Уильям сидел, сгорбившись у стены, его лицо было скрыто капюшоном рясы. Жоссеран измерил расстояние между ними: всего несколько шагов, и все же для него это было такое же великое путешествие, как их одиссея от Акры до Шанду. Но не Бог заставил его подняться на ноги и преклонить колени перед священником. Скорее, он просто устал. Он не мог нести свое бремя ни шагу дальше.

– Уильям, выслушай мою исповедь, – прошептал он и упал на колени.

Уильям вздрогнув, посмотрел на него. Когда он заговорил, его голос был нежным, как у женщины.

– Я принесу свои облачения с верблюдов, – сказал он и пошел, чтобы собрать атрибуты своего сана и спасти хотя бы одну душу для Бога.

***

CV

– Моя мать умерла, когда мне было девять лет, и мой отец, барон де Монжизор, женился на дочери дворянина из Труа. Ее звали Катрин. Она была намного моложе моего отца и, возможно, всего на пять лет старше меня.

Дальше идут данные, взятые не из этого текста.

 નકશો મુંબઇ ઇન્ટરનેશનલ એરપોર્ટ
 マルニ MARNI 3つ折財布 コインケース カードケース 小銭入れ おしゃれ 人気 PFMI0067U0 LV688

У нее были глаза черные, как грех, и когда она смотрела на меня, меня охватывал жар. Я был всего лишь мальчиком, семнадцати лет, и чресла мои были воспалены и горели, как открытая рана.

– Продолжай, – пробормотал Уильям. Он чувствовал, как на них смотрят татары: безумный христианский шаман с пурпурной епитрахилью на шее; гигантский варвар на коленях перед ним.

– Я постоянно искал ее взгляда, но она меня игнорировала, оставляя в исступлении отчаяния. Всякий раз, когда она проходила мимо, я ловил ее запах. Я не мог спать по ночам; я просыпался в поту и проливал свое семя в руку всякий раз, когда думал о ней. Я даже молился в часовне, чтобы он умер, чтобы я мог обладать ею. Я был потерян в своем нечестивом поклонении ей.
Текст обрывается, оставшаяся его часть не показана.